Казалось, встреча закончена, но прежде чем мужчины встали, Дарси сказал:

– Выходит, судьба Уикхема, его жизнь или смерть, зависит теперь от двенадцати людей с их предубеждениями и предрассудками, от убедительности заявления обвиняемого и красноречия обвинителя.

– А как иначе? – отозвался полковник. – Он вверяет себя своим соотечественникам, и нет большей уверенности в торжестве справедливости, чем вердикт двенадцати честных англичан.

– И никакого права на апелляцию, – заметил Дарси.

– Разве это возможно? Решение суда присяжных священно. А что ты предлагаешь, Дарси, второе жюри, согласное или не согласное с первым, а потом еще одно? Это будет полный бред, и если будет продолжаться ad infinitum[9], то процесс, возможно, перейдет в иностранный суд, который станет рассматривать английские дела. И это будет концом нашей системы правосудия.

– Разве нельзя создать апелляционный суд из трех или пяти судей, который собирался бы в случае разногласий в трудном деле? – спросил Дарси.

В спор вступил Элвестон:

– Могу себе представить реакцию английских присяжных, узнавших, что их вердикт обжалован и дело передано трем судьям. Решения по правовым вопросам принимает судья на самом процессе, и если он не способен с этим справиться, то, значит, занимается не своим делом. Но апелляционный суд в определенной форме существует. Участвующий в рассмотрении дела судья может инициировать процесс о даровании помилования, если он не согласен с результатом, а вынесенный вердикт, который представляется собравшейся публике несправедливым, вызывает крики несогласия, а иногда и более резкий протест. Уверяю вас, нет никого сильнее англичанина, если он объят праведным негодованием. Как вы, возможно, знаете, я вхожу в группу адвокатов, изучающих эффективность нашего законодательства по уголовному праву, и нам хотелось бы провести одну реформу: право обвинителя произносить свою окончательную речь, прежде чем заключение передается защите. Я не вижу возражений против такой реформы, и мы надеемся, что она осуществится еще в этом столетии.

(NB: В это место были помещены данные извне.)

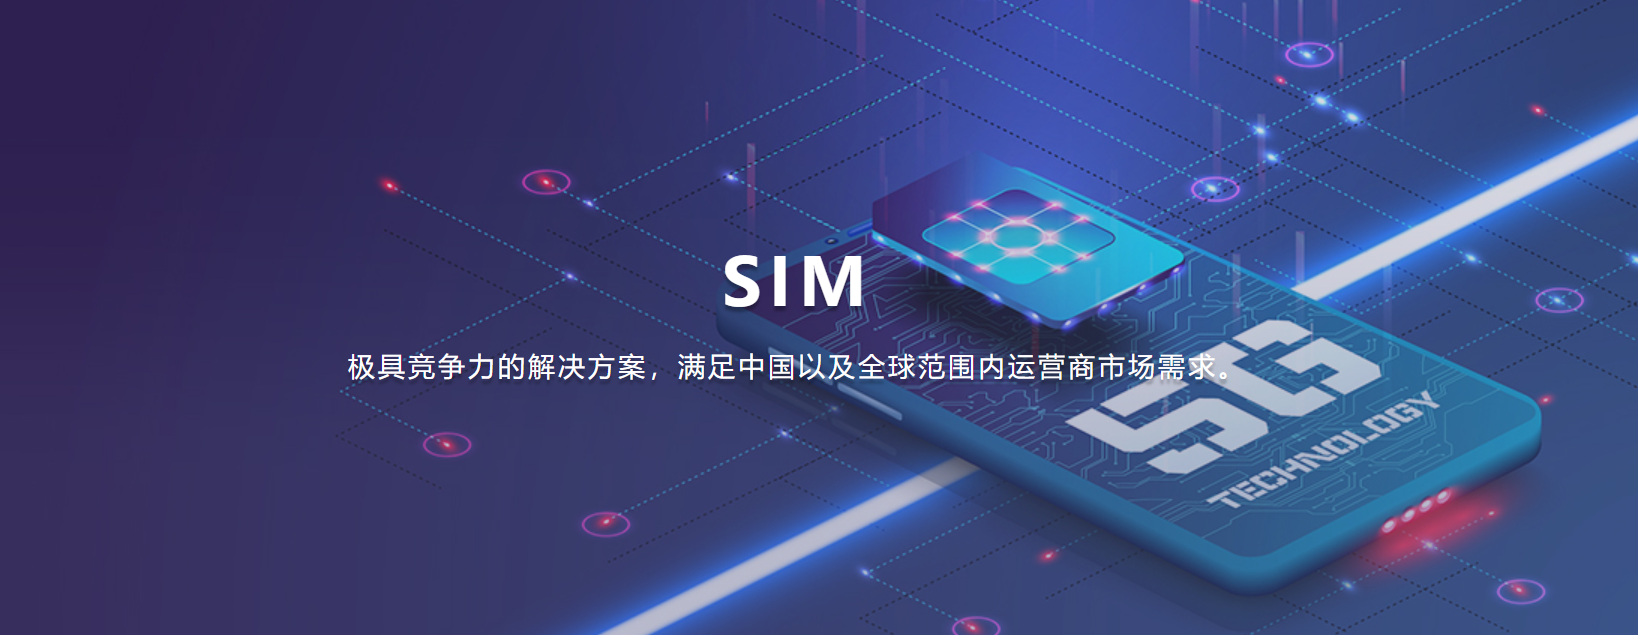 SIM芯片

– А какие могут быть возражения? – поинтересовался Дарси.

– Все упирается во время. Лондонские суды завалены работой, и многие дела рассматриваются с неприличной быстротой. Англичане не то чтобы не любят адвокатов, они просто не хотят сидеть часами и слушать дополнительные речи. Считается, что обвиняемый может сам постоять за себя, а перекрестного допроса обвинителя и защитника достаточно, чтобы гарантировать справедливость. Я не считаю эти аргументы убедительными, но они искренне поддерживаются многими.

– А ты говоришь как радикал, Дарси, – заметил полковник. – Я и не подозревал, что ты так интересуешься законодательством и сторонник его реформирования.

– Я и сам этого не знал, но когда сталкиваешься, как мы сейчас, с реальностью, от которой зависит судьба Джорджа Уикхема, и видишь, как узка грань между жизнью и смертью, то, естественно, тебя это начинает интересовать и волновать. – Помолчав, Дарси прибавил: – Если это все и нам нечего больше сказать друг другу, может быть, присоединимся к дамам, которые ждут нас к обеду?

2

Утро вторника обещало впереди прекрасный день, теплилась даже надежда, что проглянет солнце. У кучера Уилкинсона была заслуженная репутация надежного предсказателя погоды, и два дня назад он обещал, что дождь и ветер сменятся солнцем, а дожди будут мелкими и короткими. В этот день Дарси должен был встретиться за ленчем со своим управляющим Джоном Вулером и уже затем отправиться верхом в Ламтон, чтобы повидать Уикхема, хотя он отдавал себе отчет, что эта встреча не принесет радости ни одному из них.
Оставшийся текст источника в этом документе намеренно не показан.